It’s natural for summer collections to be a bit on the brighter side, but no one was expecting the sheer amount of clothes that were imbued with a satsuma-esque shade of orange. While the colour can be intimidating for even the most extroverted dresser, designers made it look as effortless as an Easy Peeler: Dries Van Noten paired pumpkin shorts with a tucked-in double-breasted blazer, while Etro’s more brazen take—a tinsel tank and hoody combo—is for the risk takers. For a contemporary take on suiting, Zegna’s pastel pieces shouldn’t be ignored, and should prove to be a go-to for wedding attire next year, but for casual, everyday-wear, Bianca Saunders’ graphic tees are a must.
Recently, the baseball cap has had a comeback, and it appears that the sporting fervor will continue into next summer as well. Fendi, Martine Rose and Saul Nash all had their own takes, varying from Italian leather to acid-wash denim. But there was more outré headwear, too. Kim Jones had his models wear colourful beanies (at an askew angle) while at Kenzo, Nigo showed wide-brim sun hats and printed berets.
The rules of smart-casual dressing have always included a time-tested formula: pair a nice shirt with some more relaxed bottoms and... there you have it. Foolproof, which is why it featured heavily across the spring/summer ’24 shows. But for this season, you should expect shirt designs that are brasher and a lot more eye-catching. Dior, for example, bejewelled a work shirt with a load of blue crystals, while Ami and Dries Van Noten both had heavily sequinned button-downs within their collections. Prada even stuck on 3D florals and some fringing onto theirs. The message is clear: the bolder the better.
This season also saw brands embrace a concept that has been embraced in womenswear for decades: the going out top.

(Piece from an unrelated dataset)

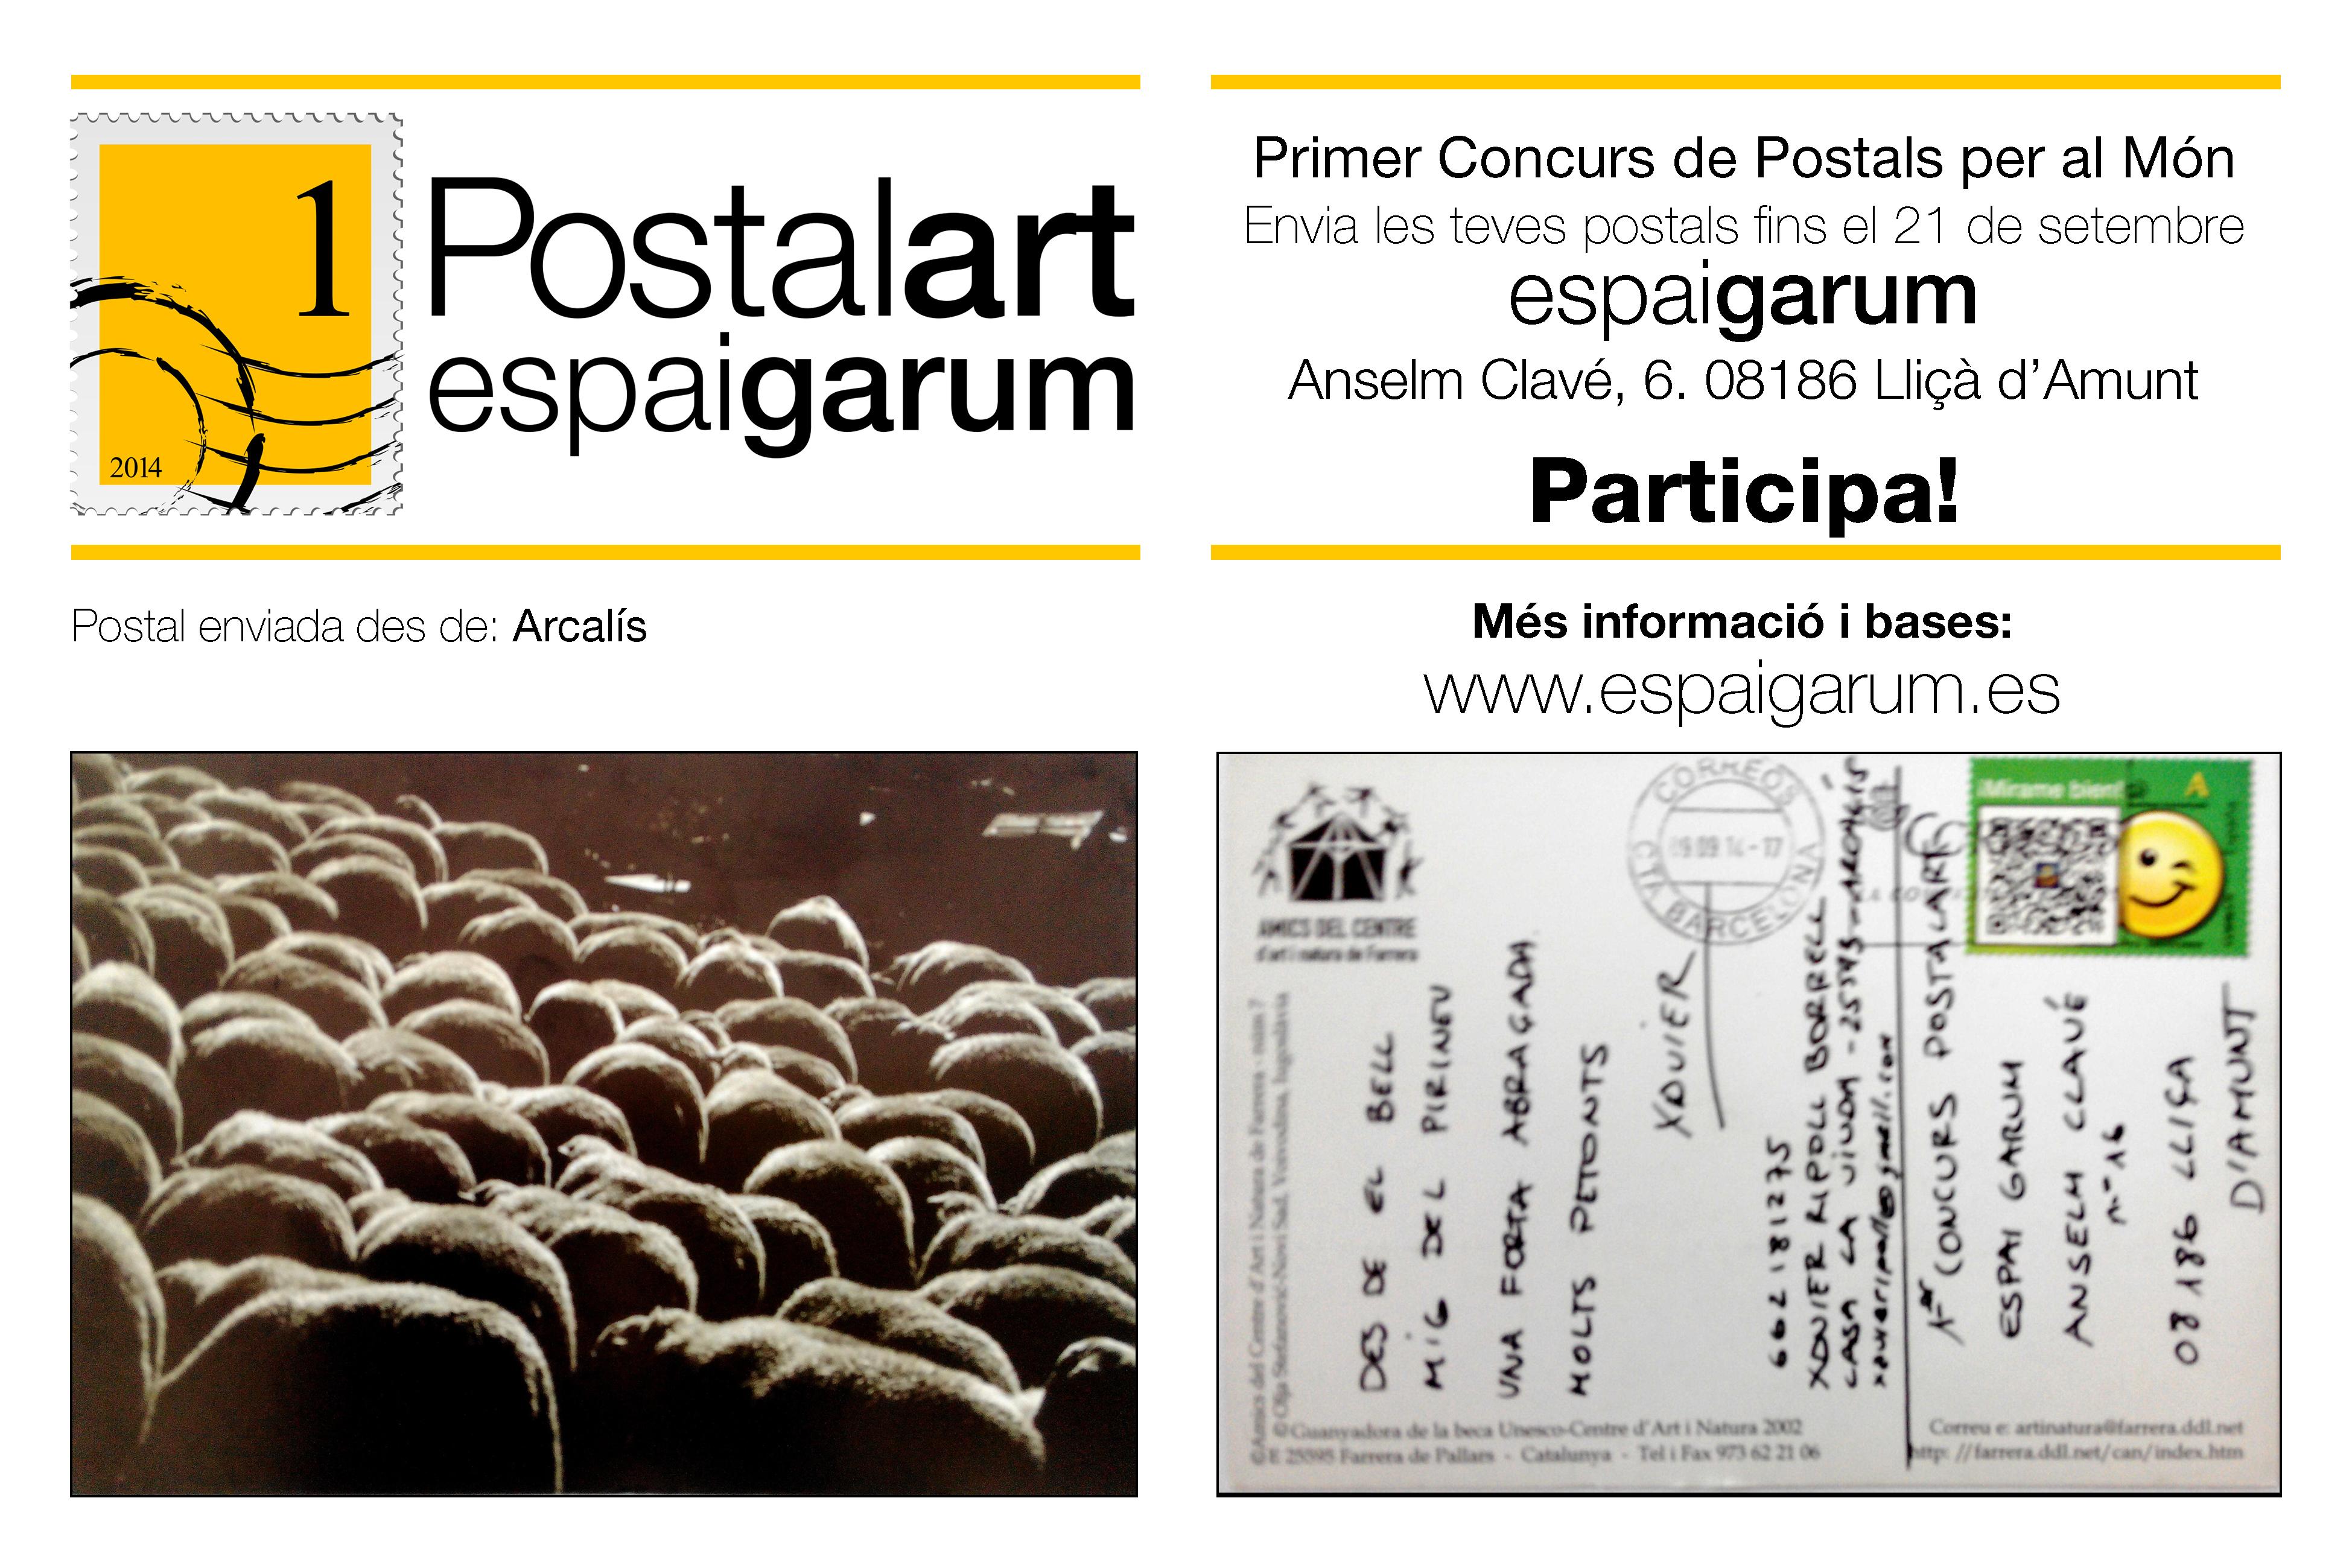 Postalart 14 063
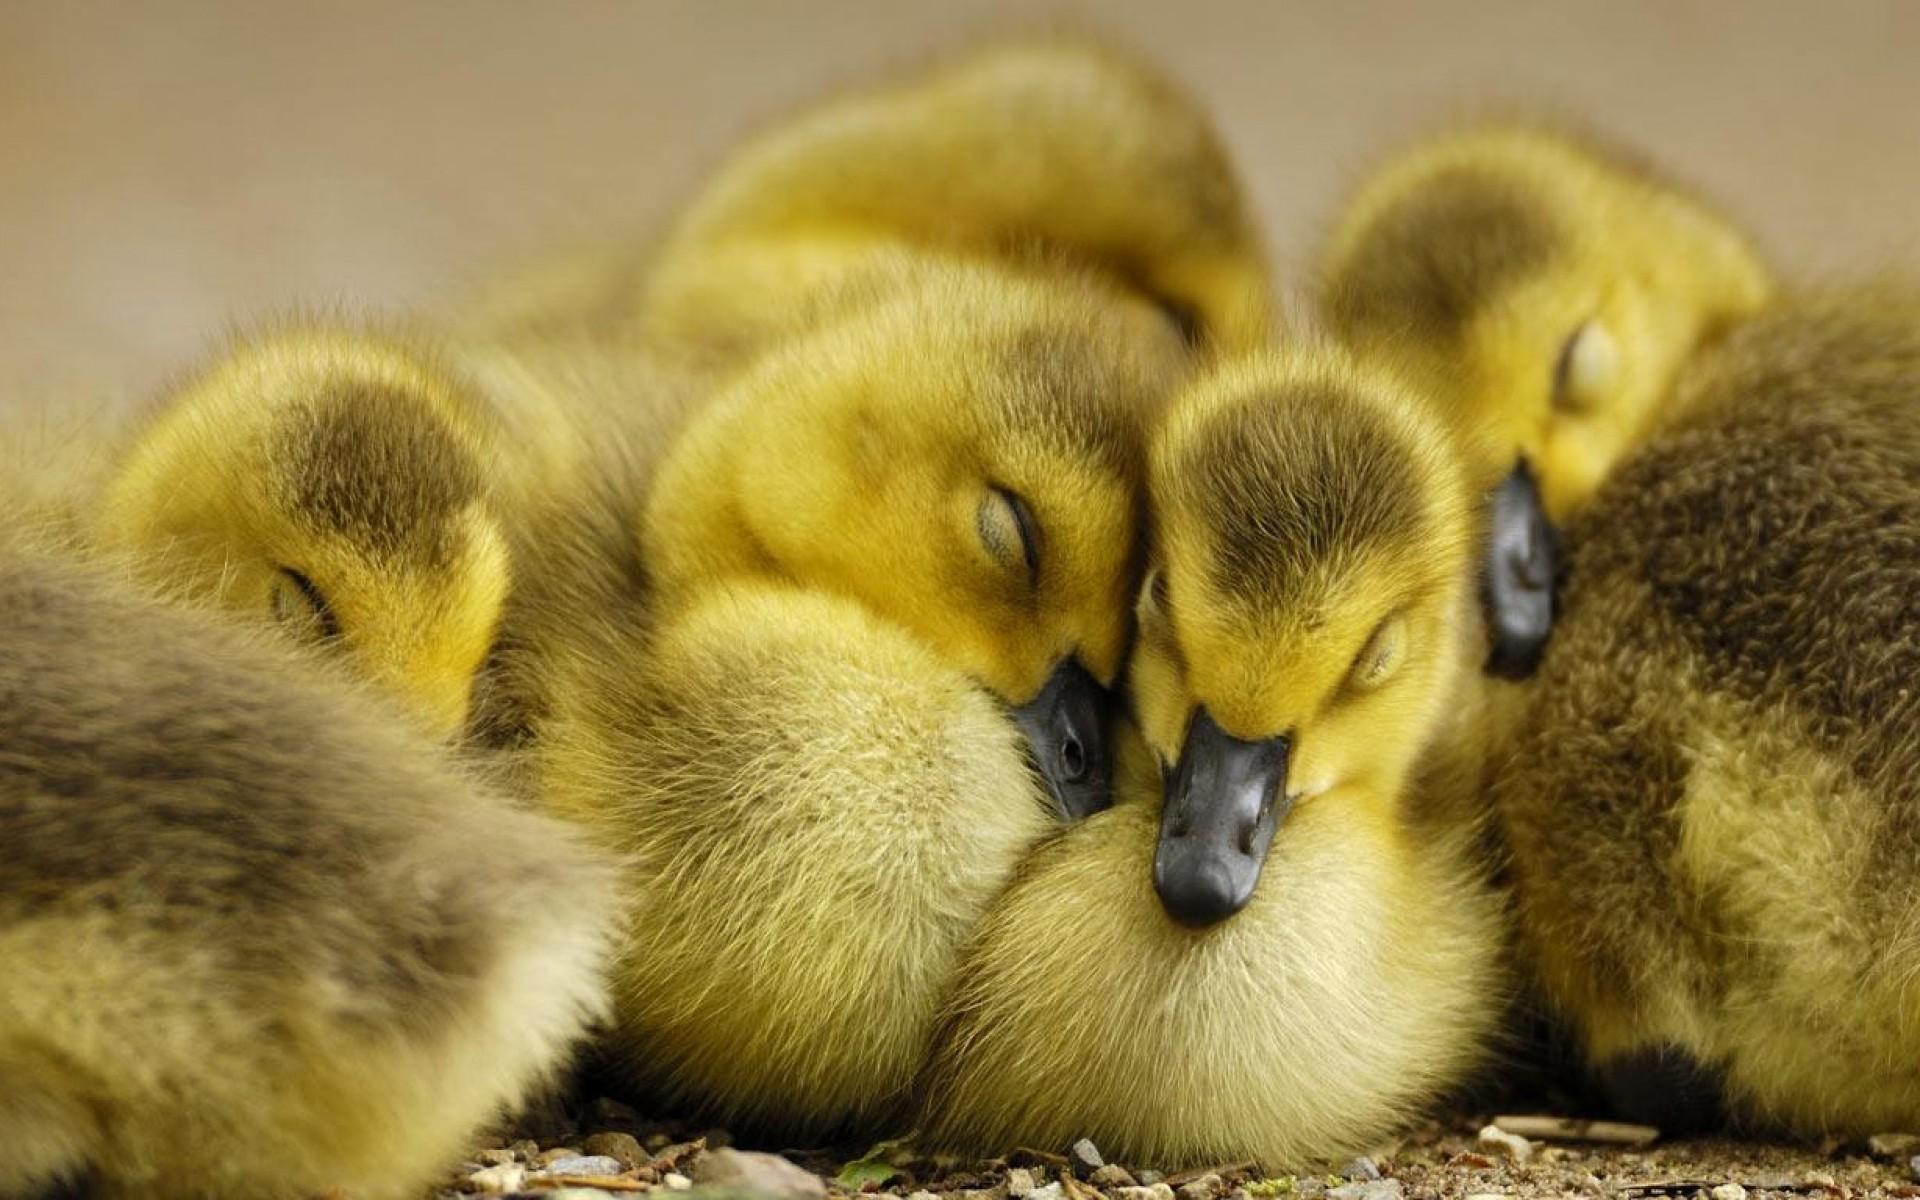 Ducklings · Ducklings

Fendi had a halterneck shirt where the arms drape behind, and Loewe presented a metallic blouse that sparkled like a disco ball. And for more retro takes, Saint Laurent had sleeveless pussybows and sheer blouses aplenty.
It’s lucky that the Y2K low-rise trend has barely entered the menswear-sphere, despite having dominated womenswear for seasons now. In fact, brands are rebelling against it. Waistlines were well above the belly button at Loewe and Prada in both trousers and shorts form respectively, while the use of cummerbunds at D&G and Wales Bonner gave the visual illusion of longer legs and shorter torsos.
Hemlines have also started retreating north, despite seasons of the long and slouchy silhouette. All of the longer-length bottoms at Dior were cropped just above the ankle, and at Hermès the hems were turned up to give full view of the models' fisherman sandals. Waistbands and hemlines are moving on up.
Perennial plants have been blooming in menswear for the last few years, and seeing them blooming in this season’s collections isn’t all that unusual. However, they were blown up to larger and slightly darker sizes as opposed to the more twee prints we had previously seen. As mentioned earlier, Prada had 3D lilies stitched onto shirts, but also positioned them alongside prints of slightly gloomier (potentially underwatered) styles. Emporio Armani centred their black-heavy collection around a ginkgo leaf, where it featured as cut-outs on peak lapel blazers and woven onto lattice-like tops. Valentino had singular roses, an enlarged poppy motif and peonies as part of its sartorial garden, and Kenzo had rose heads printed and stitched onto its denim pieces.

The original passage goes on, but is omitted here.